Bayit Yehudi gearing up for primary in the coming months.

Danny Danon (photo credit: MARC ISRAEL SELLEM/THE JERUSALEM POST)
Danny Danon
(photo credit: MARC ISRAEL SELLEM/THE JERUSALEM POST)
MK Danny Danon, chairman of the Likud central committee, will run against Prime Minister Benjamin Netanyahu and MK Moshe Feiglin in the party’s leadership primary, he announced on Monday.
“The Likud chairman has not been following the Likud’s way for a long time and I am here to put the party back on track,” Danon said, a day after he and Netanyahu agreed to hold the primary on January 6. “Netanyahu is one of the State of Israel’s veteran prime ministers, but, unfortunately, he lost his way.”
Danon disclosed his plans after riding to Jerusalem’s neighborhood Pisgat Ze’ev on the light rail, which has been attacked by rock-throwers along it route in Arab neighborhoods and had vehicular terrorist attacks at two of its stations in recent weeks.
According to Danon, the Likud became a ruling party because it stood strong on socioeconomic and security issues, but Netanyahu had not done so, building fewer homes in settlements than left-wing governments, freeing terrorists with blood on their hands, stopping the IDF from destroying Hamas in the Gaza Strip and ignoring the rising cost of living.
Danon reiterated that the prime minister agreed to a cease-fire in Operation Protective Edge while knowing there were still terrorist tunnels from Gaza into Israel, a criticism that cost Danon his position as deputy defense minister during the operation.
“We Likudniks sent [Netanyahu] on the Likud path, but he disconnected.
I am here to say, we have to go back to that way,” he said. “I have been in the Likud since my youth, I am faithful to our path and I expect the leader of our party to be too, but he isn’t.
“The prime minister is saying rightwing things in recent days – he is faking. He is just looking for votes,” Danon said.
Danon ran for leader of the Likud in 2007, and got 3.7 percent of the vote.
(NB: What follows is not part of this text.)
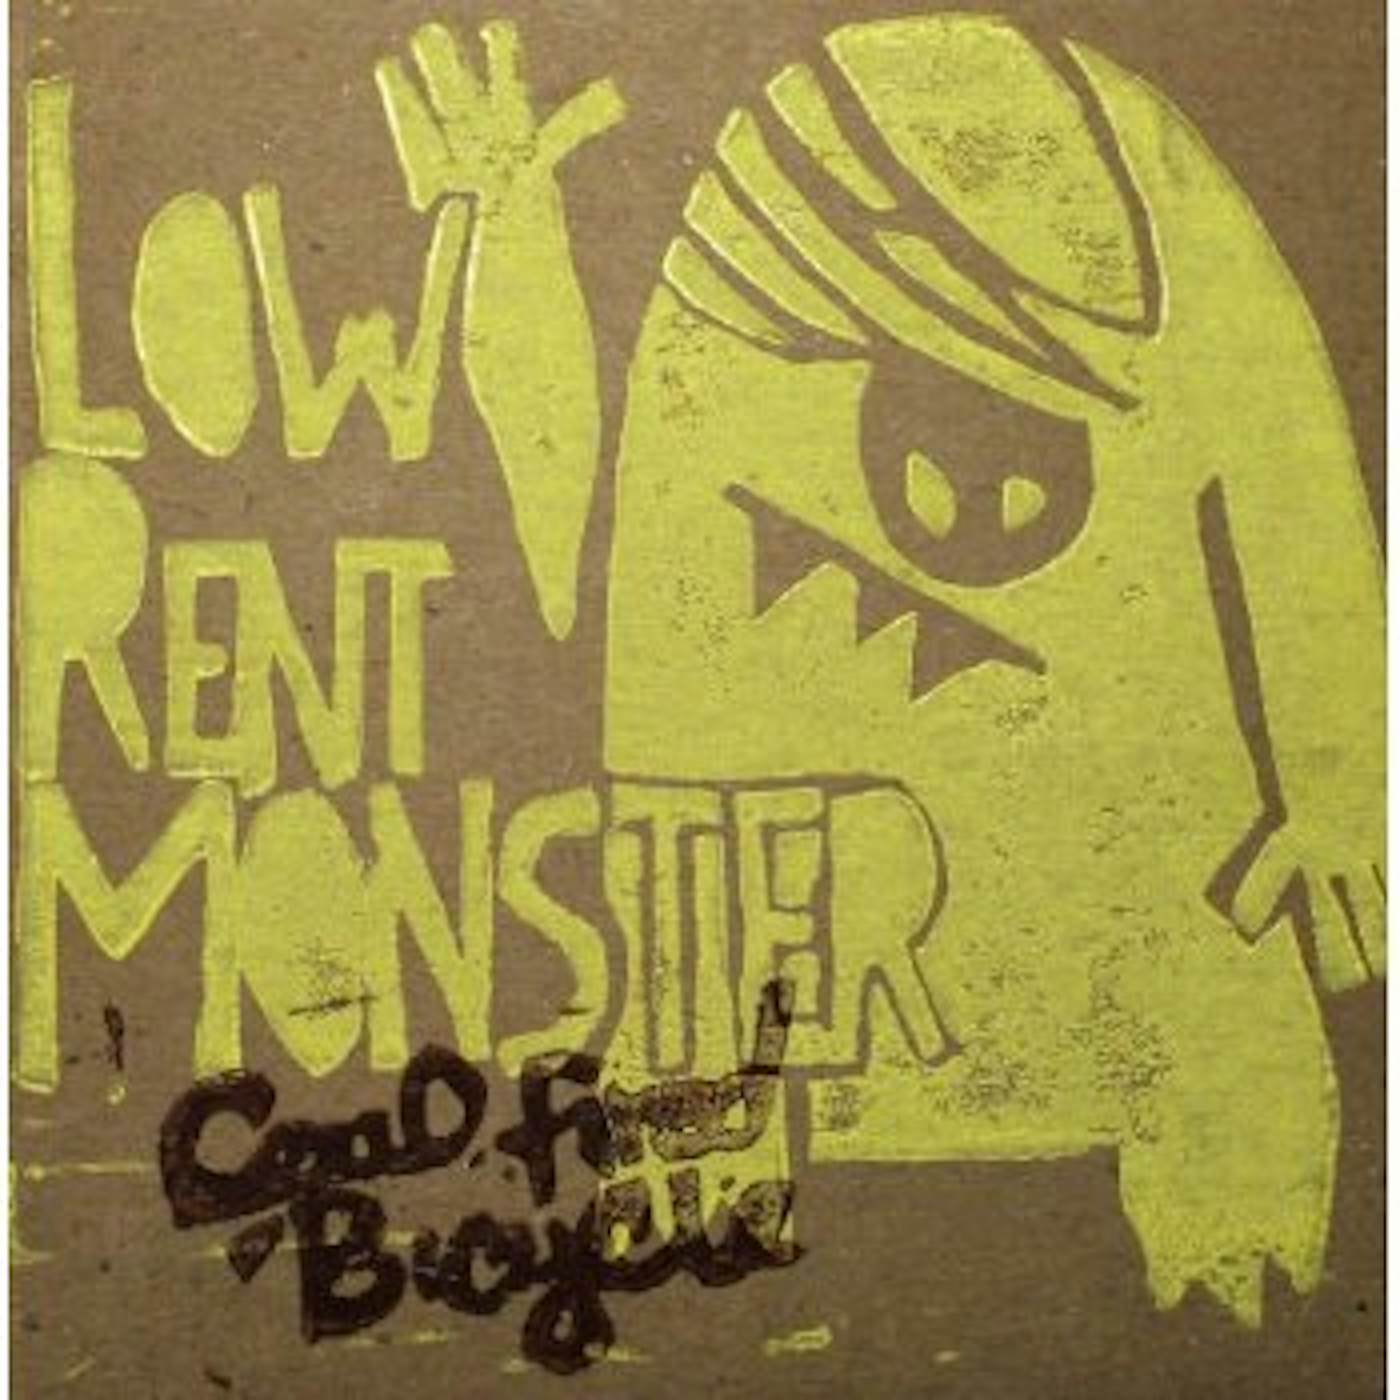 Coal Fired Bicycle LOW RENT MONSTER CD

In the most recent primary, in January 2012, Netanyahu won with 76.79% of the vote. The other 23.21% went to Feiglin.
Meanwhile, Bayit Yehudi began preparations for its leadership primary, calling a vote by its central committee next Wednesday to determine who will be on the election committee.
Economy Minister Naftali Bennett, chairman of Bayit Yehudi, can appoint three members of the election committee and the other four must be voted in by the central committee.
Bennett hopes to hold the primary in late December or early January, but if the four elected committee members are hostile to him and unlikely to cooperate with such a request, he may not intervene in the scheduling decision at all, a source close to the Bayit Yehudi leader explained.
Meanwhile, the future of the Bayit Yehudi’s joint Knesset list with Tekuma, the party headed by Construction Minister Uri Ariel, remains in doubt.
Bayit Yehudi director-general Nir Orbach proposed a deal to merge the two parties, in which Ariel would be guaranteed the No. 2 spot, but the rest of the MKs would have to run in the Bayit Yehudi primary. In addition, Tekuma could appoint 120 out of the joint party’s 1,300 central committee members.
Ariel was not impressed by the offer, telling Army Radio: “We can pass the electoral threshold alone. We also have options to join forces with others.”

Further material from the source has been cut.